- Directions for this task
Could you reproduce, from the records below, everything from the line with "E-R Diagram for" down to the line with "Pragmi Alpin Pro", keeping both of those lines and changing nothing?

- Records for processing
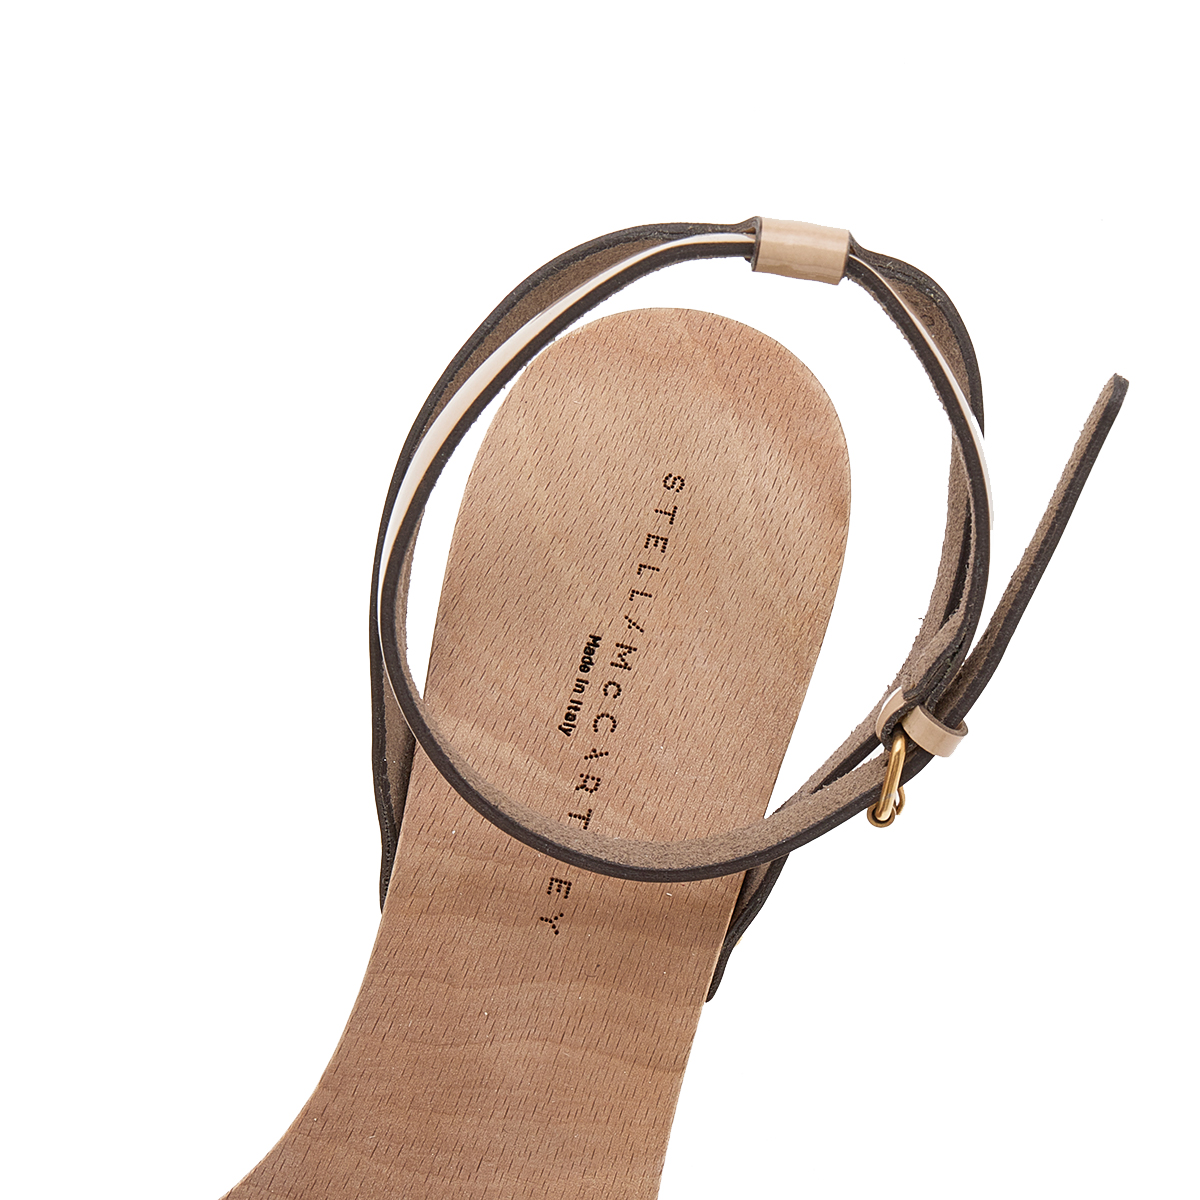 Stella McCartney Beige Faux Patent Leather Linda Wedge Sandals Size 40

...

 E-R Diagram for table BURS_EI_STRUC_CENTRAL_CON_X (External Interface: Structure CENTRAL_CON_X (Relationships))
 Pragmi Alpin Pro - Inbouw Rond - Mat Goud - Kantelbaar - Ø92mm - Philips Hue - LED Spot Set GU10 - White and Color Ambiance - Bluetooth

- Response below
 E-R Diagram for table BURS_EI_STRUC_CENTRAL_CON_X (External Interface: Structure CENTRAL_CON_X (Relationships))
 Pragmi Alpin Pro - Inbouw Rond - Mat Goud - Kantelbaar - Ø92mm - Philips Hue - LED Spot Set GU10 - White and Color Ambiance - Bluetooth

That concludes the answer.